Neste sentido, o potencial dessa interação para o crescimento profissional e para uma cultura colegial aponta para a emergência de uma relação aberta e crítica com o trabalho docente, indiciando acréscimos de autonomia profissional e valorizando o conhecimento e as redes relacionais estabelecidas, nas quais os sujeitos se desenvolvem. Nesta perspetiva, da indagação e investigação na e sobre a prática emergem problemas reais, dúvidas, tensões, incidentes críticos que são potencialmente promotores do desenvolvimento profissional. Fullan & Hargreaves salientam que o mais importante será o tipo de envolvimento e o modo particular como os professores trabalham em conjunto como comunidade (2001: 37). Por sua vez, a articulação do contexto de trabalho docente com o da formação destaca a centralidade do saber e do agir profissionais (Esteves & Rodrigues, 2003; Rodrigues & Esteves, 1993; Rodrigues, 2007; Roldão, 2000a, 2002), potenciando a dimensão formativa das situações de trabalho (Machado & Formosinho, 2009).

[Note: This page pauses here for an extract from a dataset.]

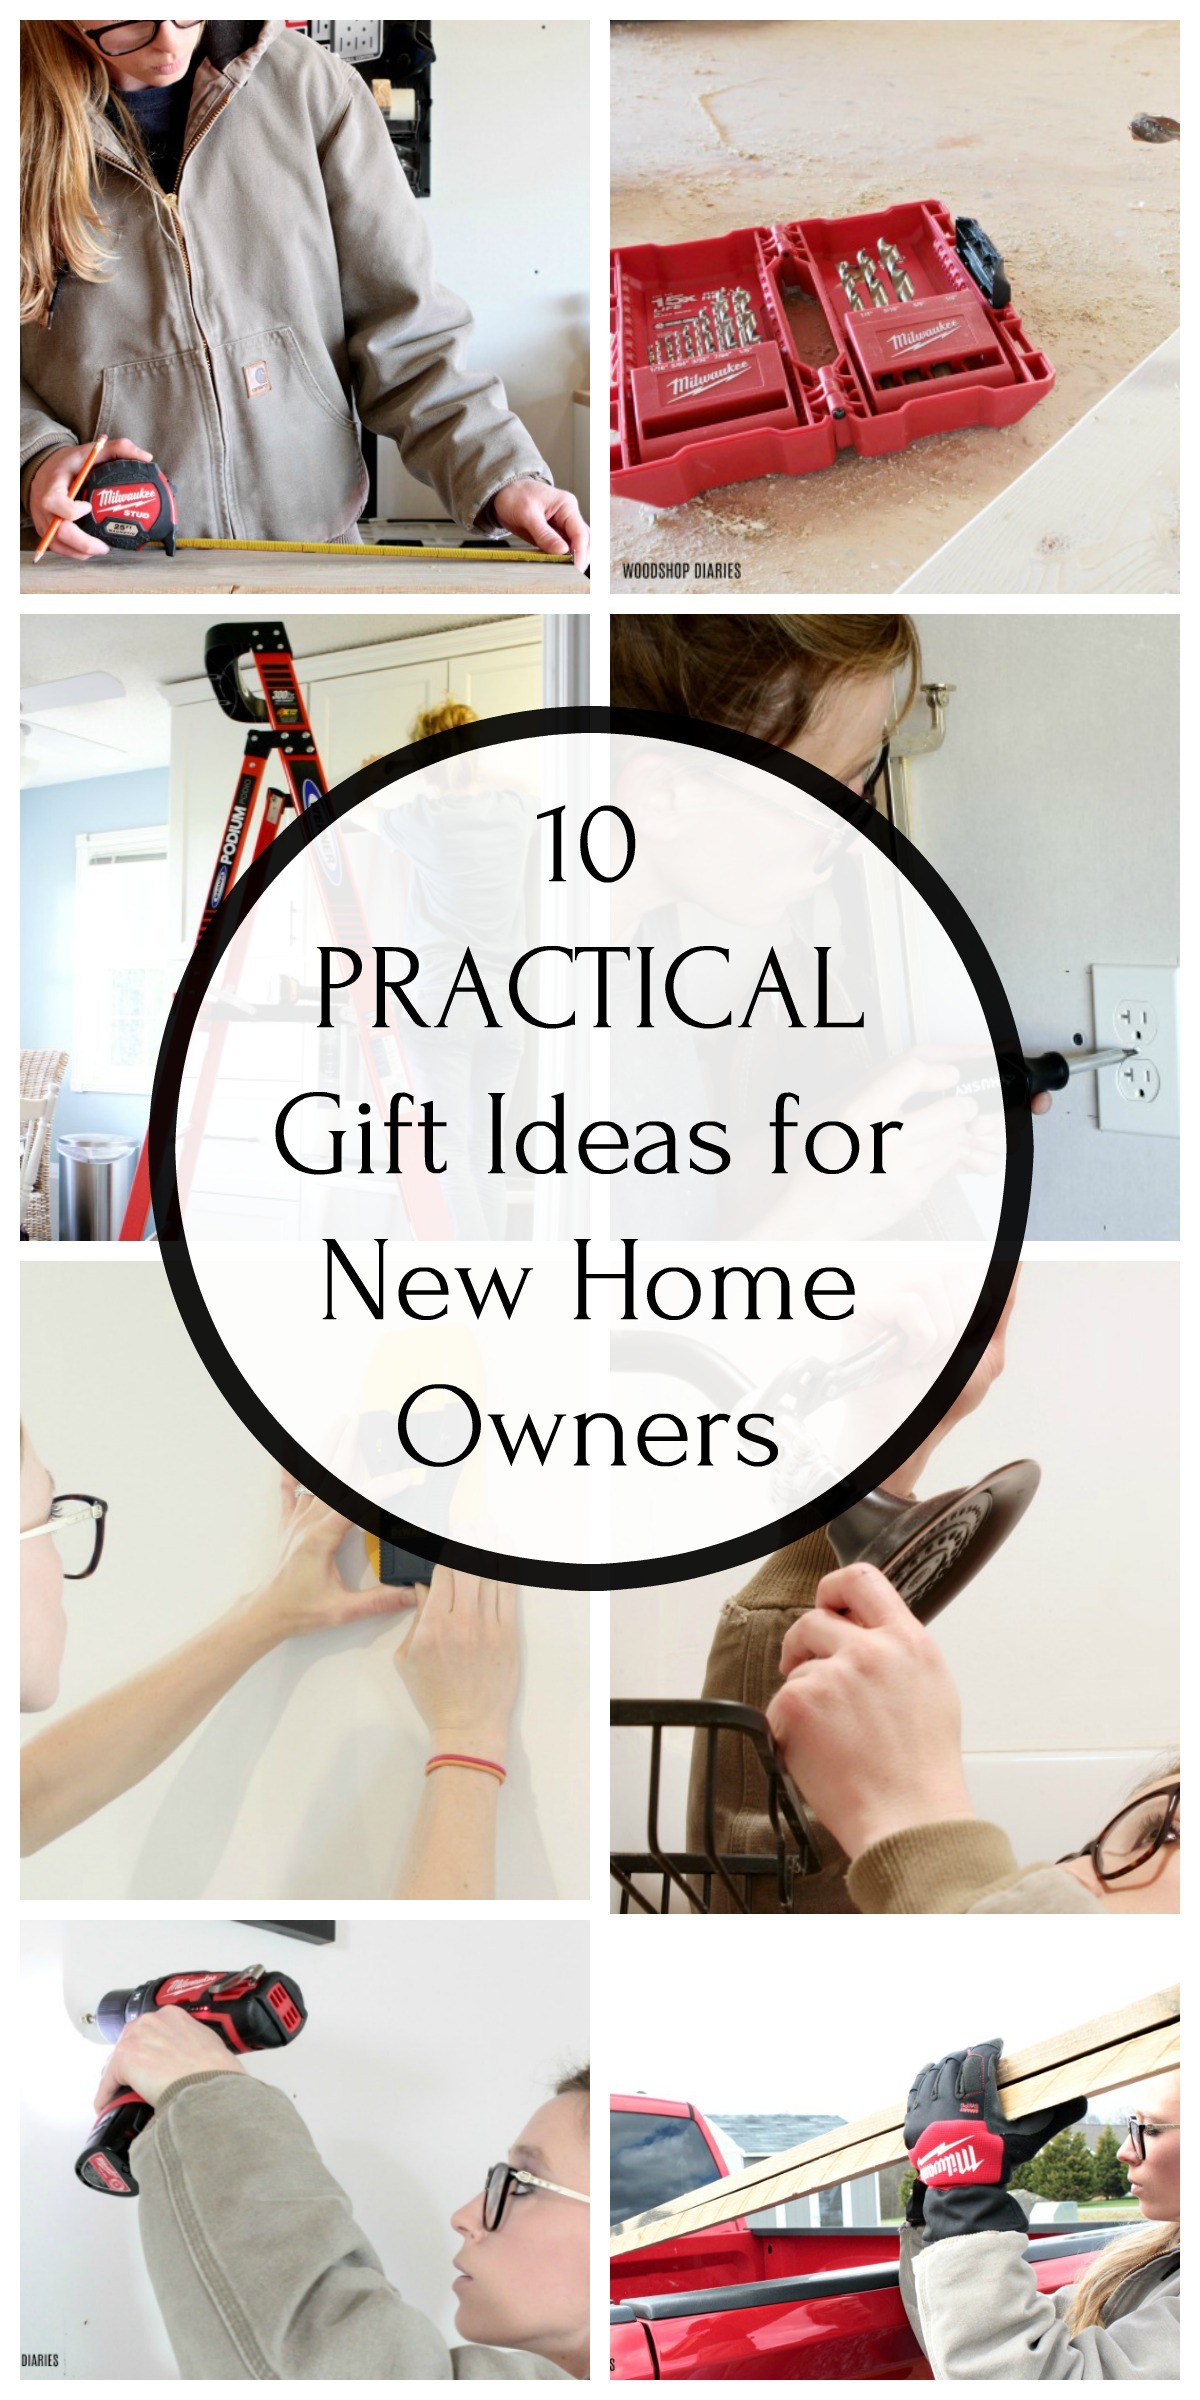 Collage image of gift ideas for new homeowners

À semelhança da aprendizagem, a formação é um percurso que assume vias formais (frequência de cursos de formação acreditados, por exemplo) e informais (a autoformação, por exemplo) e, como tal,

não é possível constatar necessidades objectivas, isto é, necessidades ontologicamente objectivas, dependendo estas dos sujeitos, grupos ou sistemas que as percebem e do contexto onde emergem, dos agentes sociais que as recolhem e detectam (ou colaboram na sua detecção) e dos respectivos valores e objectivos de referência (Rodrigues, 1999: 154).

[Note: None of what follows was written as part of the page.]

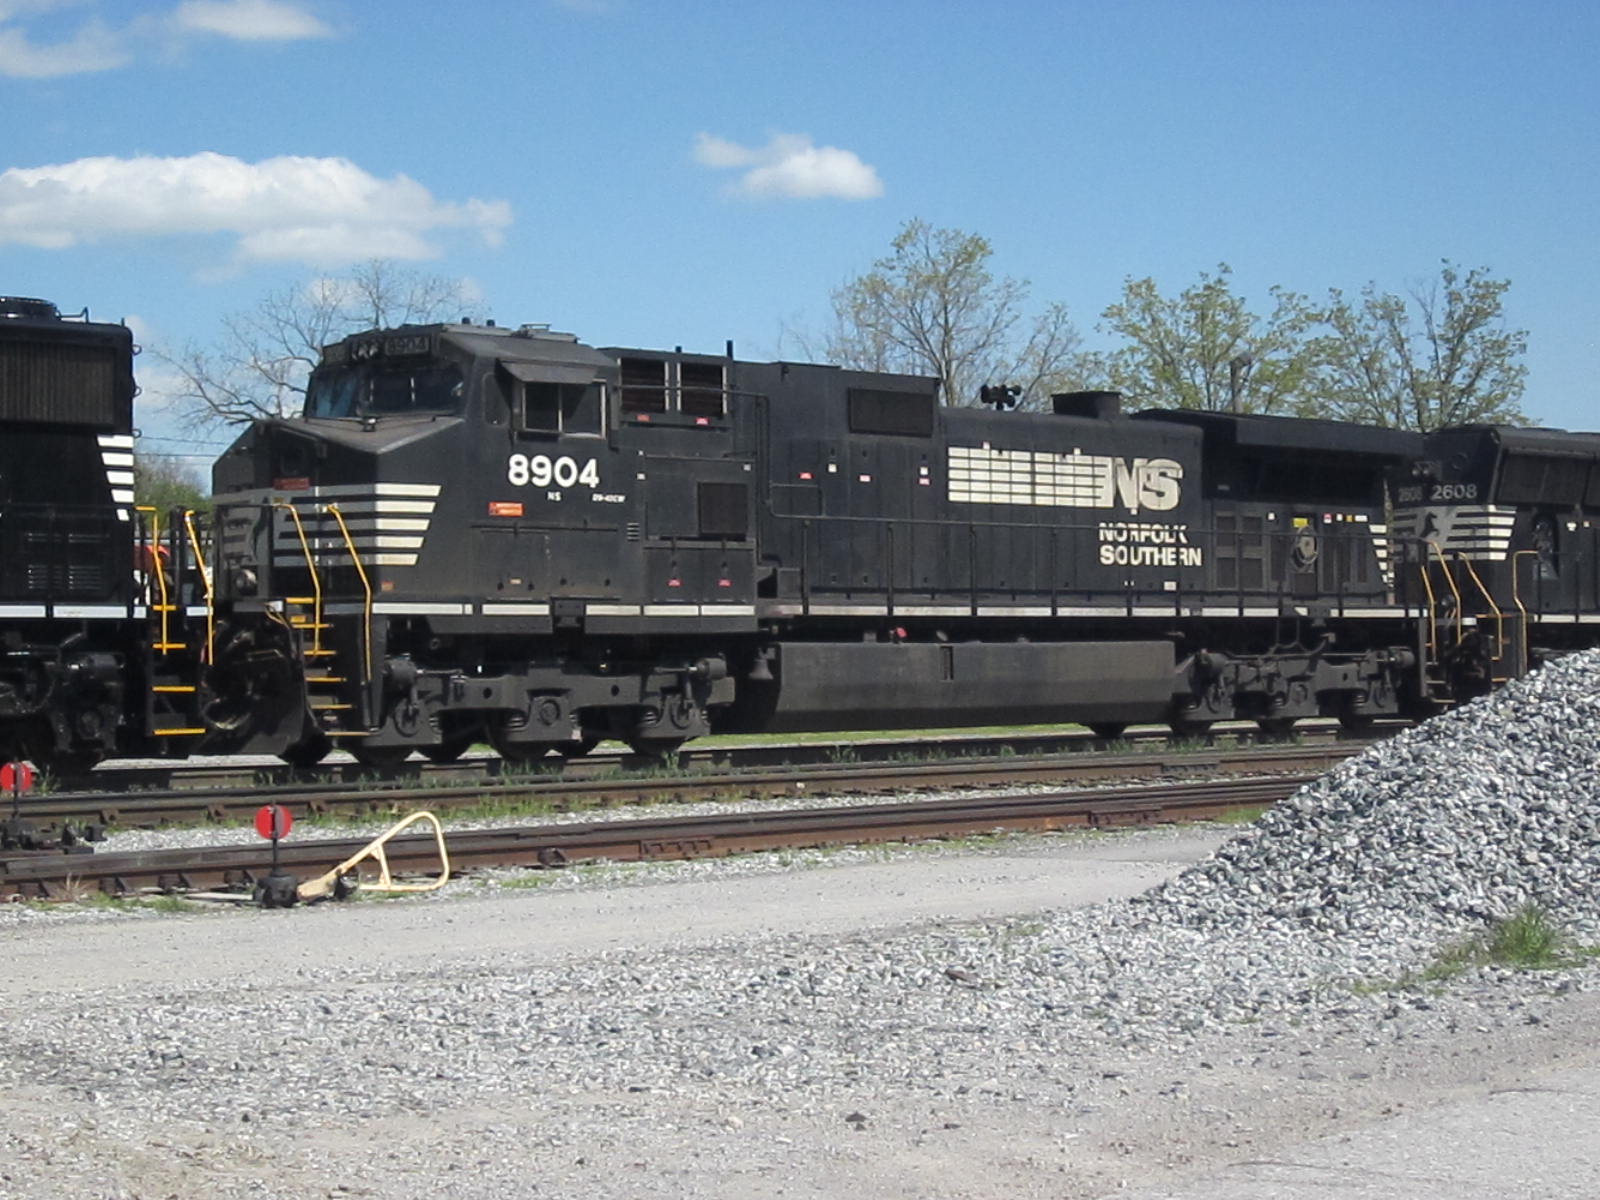 NS 8904 with 6916 and 2608 being fueled.

Não obstante, a formação será sempre um processo individualizado e pessoal de cada professor (Esteves & Rodrigues, 2003; Rodrigues, 2007), cujo sentido depende das vidas pessoais e profissionais e das políticas e contextos escolares nos quais realizam a sua actividade docente (Day, 2001: 15). Deste modo, compreende-se que nem toda atividade seja, por si só, formativa, ainda que integrada em um programa de formação formal. A natureza formativa de uma determinada atividade carece de ser validada e legitimada pelo formando como uma experiência compensadora e útil (Alarcão, 2006a: 137). Neste processo concorre, ainda, o que Alarcão designa por forças em presença (2006b: 307) no contexto imediato do desenvolvimento profissional do professor. Estas forças provêm da relação do contexto imediato com outros contextos, inclusive mais amplos, como o das

políticas educativas (Day, 2001), e assumem-se como facilitadoras ou obstaculizantes da atividade formativa e do desenvolvimento profissional docente.

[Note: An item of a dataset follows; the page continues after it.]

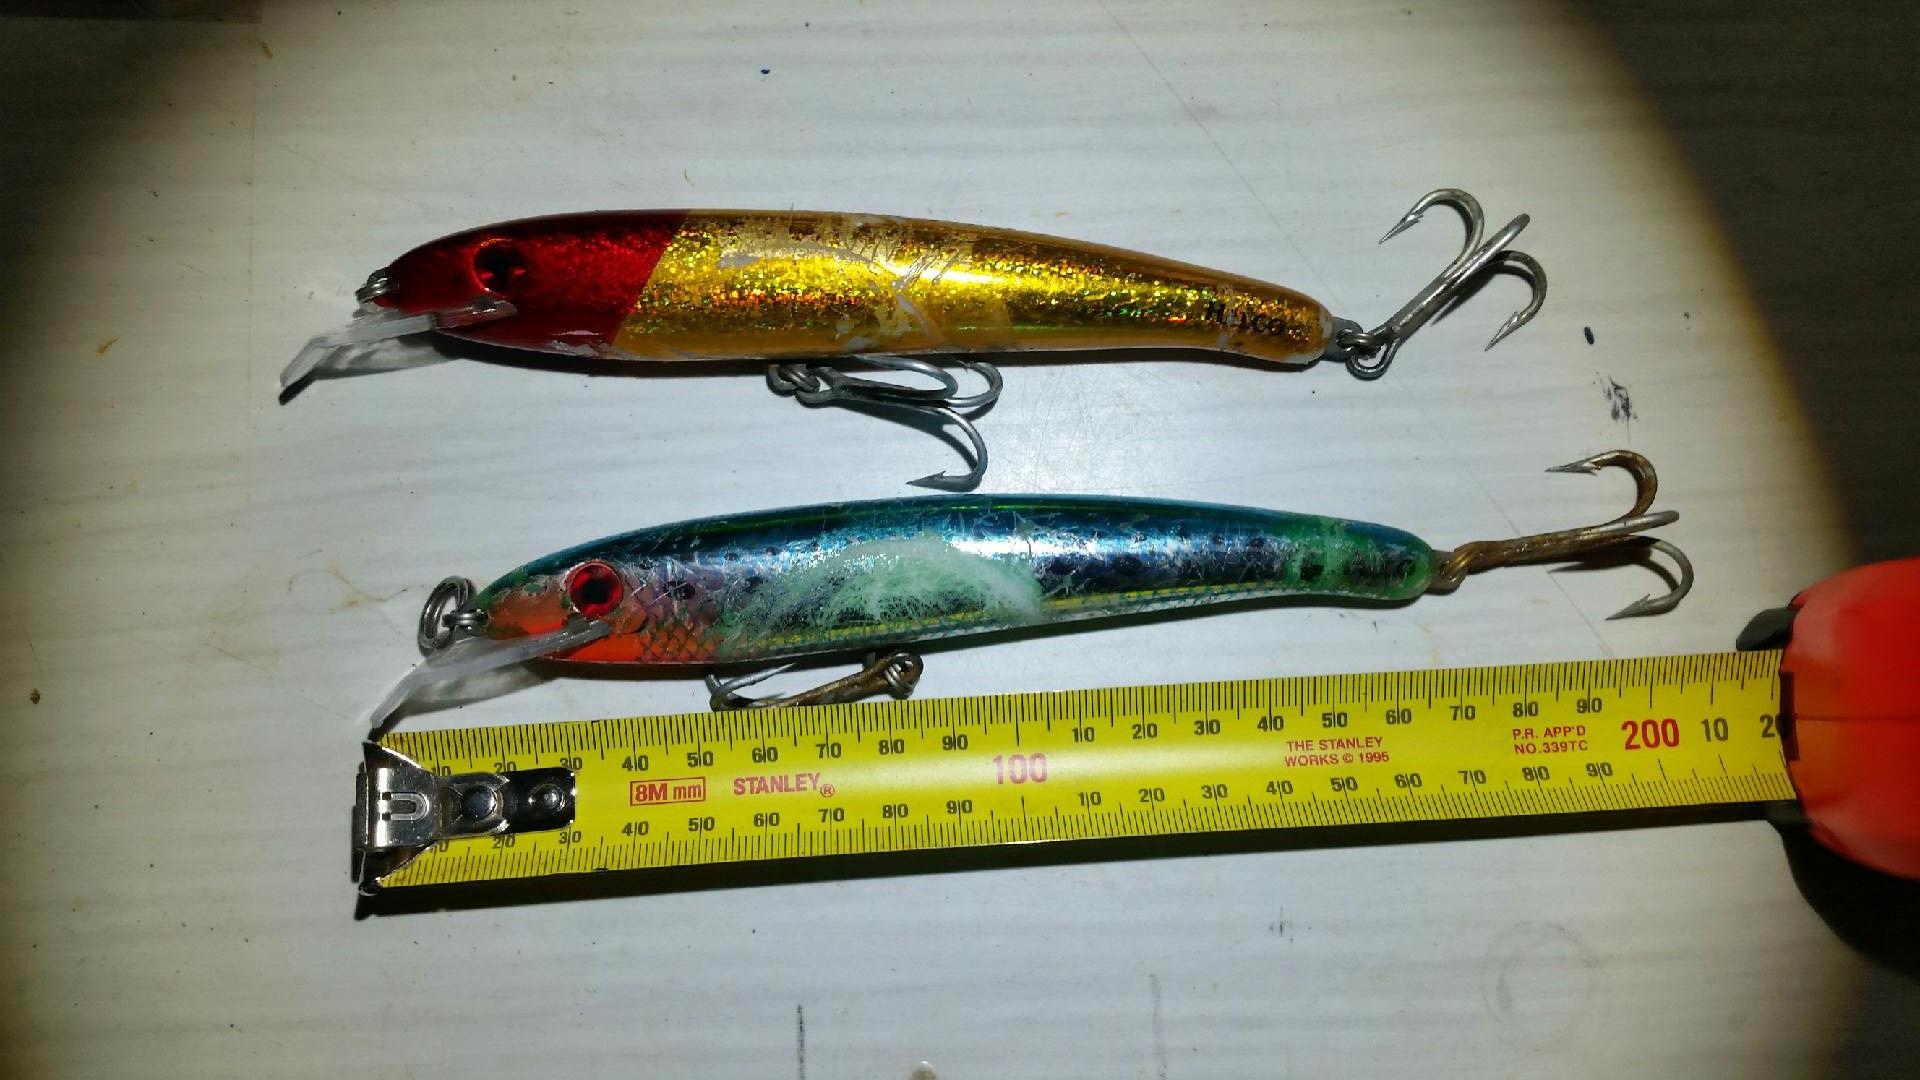 If you could only pick one, what lure would you use for tuna

Revisitando o processo de concetualização inicial, sistematizamos acentuando que o desenvolvimento profissional pressupõe considerar a dimensão profissional e a pessoal do professor, num processo contínuo (e não como ponto de chegada), consentâneo com as conceções de aprendizagem e de formação, que remetem para o indivíduo e os contextos e cuja alinearidade é uma característica intrínseca. Os conceitos não apresentam significações únicas e estáticas, pelo que sublinhamos que ao desenvolvimento profissional docente subjazem finalidades maiores, entre elas, o bem- estar pessoal e profissional do professor e a qualidade dos processos de ensino e de aprendizagem.

Em suma, o desenvolvimento profissional alicerça-se numa concepção da autonomia dos professores enquanto manifestação de capacidade colectiva para conceber e executar, de modo original e atento aos contextos, o trabalho que lhes está confiado, para o avaliar e para o redefinir, sempre que tal se prove necessário (Esteves, 2006a: 246). Nesta linha de pensamento, o desenvolvimento profissional docente pressupõe implicações, nomeadamente ao nível da qualidade dos processos de ensino e de aprendizagem (Day, 2001; Estrela, Esteves & Rodrigues, 2002; Formosinho & Machado, 2009; Guskey & Huberman, 1995; Morais & Medeiros, 2007; Rodrigues, 2007; Zeichner, 1993, 2008). Pelo que, além da dimensão pessoal e profissional, o desenvolvimento profissional docente envolve, igualmente, a dimensão organizacional (Nóvoa, 2002a), acarretando reflexos sociopolíticos passíveis de alavancar o desenvolvimento da sociedade, que se pretende democrática e equitativa.